Personalized Anti-VEGF Regimens Improve Adherence Among Patients With Macular Degeneration


Managed care professionals can assist ophthalmologists and retina specialists in personalizing anti-vascular endothelial growth factor (anti-VEGF) treatment to encourage patient adherence, according to a recent review of the literature on this topic.

Managed care professionals can assist ophthalmologists and retina specialists in personalizing anti-vascular endothelial growth factor (anti-VEGF) treatment to encourage patient adherence, according to a recent review of literature published in the Journal of Managed Care & Specialty Pharmacy.

Neovascular age-related macular degeneration (nAMD) remains a leading cause of blindness in the United States despite the introduction of 3 FDA-approved anti-VEGF drugs. Aflibercept and ranibizumab are 2 therapies that treat nAMD, while bevacizumab, a therapy for oncology indications, is increasingly used off-label in treating nAMD.

Despite the proven efficacy in clinical trials of all 3 treatments, there are significant challenges in administering the therapies in a real-world setting that many studies fail to note: these include delays in diagnosis and treatment approval, patient response to different anti-VEGF therapies, lapses in physician regimentation of anti-VEGF injection and monitoring, and inadequate patient adherence to treatment and monitoring.

In 1 study, over the period of 1 year, visual acuity (VA) scores, which measure the ability of the eye to distinguish details and shapes at a distance, on specialized charts, and the Early Treatment Diabetic Retinopathy Study (ETDRS) chart, increased significantly among patients who were administered ranibizumab.

The CATT trial compared outcomes of ranibizumab and bevacizumab when administered monthly or as needed. In a year, mean VA scores increased by a range of 5.9 letters in the bevacizumab cohort and 8.5 letters in the ranibizumab cohort.

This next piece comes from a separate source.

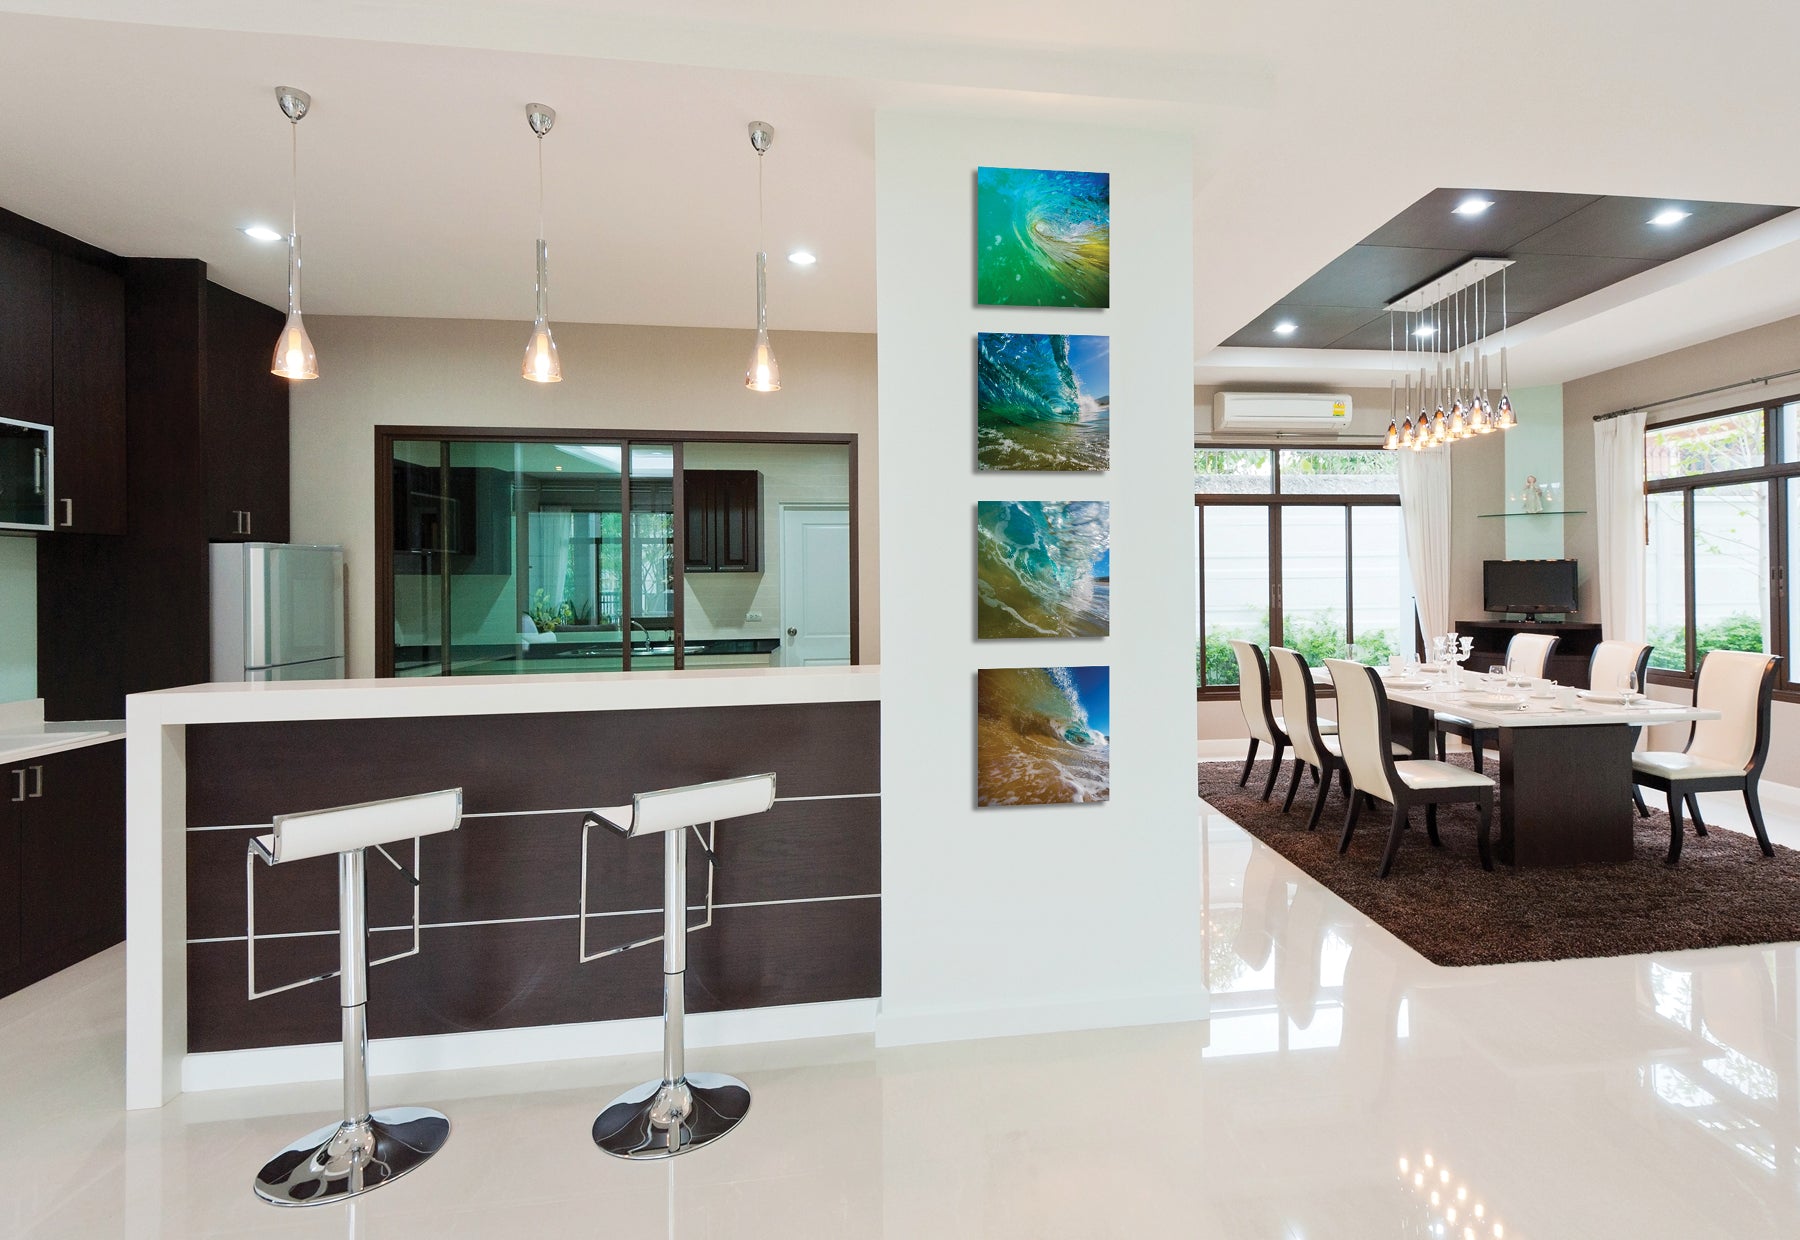 Modern kitchen and dining interior featuring four square photographs of ocean waves by Peter Lik hanging next to bartop

The VIEW 1 and VIEW 2 trials were designed to compare ranibizumab to aflibercept. Patients with nAMD were randomly assigned doses of ranibizumab or aflibercept every 4 weeks or every 8 weeks. The results showed that there were no significant differences in outcomes between the 2 different dosing intervals of the drug.

The cost of managing nAMD can range from $65,000 to over $250,000 over 20 years. Previous studies have found bevacizumab to be more cost-effective than the other therapies. However, age, general health, and anatomic characteristics (including presence of retinal fluid leakage, hemorrhage, and fibrotic scarring) are all factors that underscore the importance of managing nAMD treatment on an individual level.

Patients are not likely to adhere to nAMD treatment due to fears of having injections in the eye, anticipating pain, or discomfort. Other determinants of health may be age-related (for example, difficulty arranging and traveling to appointments for treatment).

Retina specialists have responded to the burdens and high costs of anti-VEGF treatment by developing alternative regimens based on extended fixed intervals, as needed based on disease activity, and/or by a treat-and-extend strategy.

Managed care organizations can increase public awareness surrounding the condition through educational programs and resources. This can incentivize patients to modify lifestyle behaviors and reduce risks.

“The efficacy of anti-VEGF therapy for nAMD has been consistently demonstrated in clinical trials; however, real-world gaps and challenges can pose significant barriers to achieving treatment goals,” the authors concluded. “In collaboration with ophthalmologists and retina specialists, managed care professionals can play key roles in overcoming barriers associated with underdiagnosis of nAMD, delays between [choroidal neovascularization, CNV] growth and anti-VEGF treatment initiation, lack of awareness about AMD among the public, and the logistic, emotional, and financial burdens of frequent intravitreal injections.”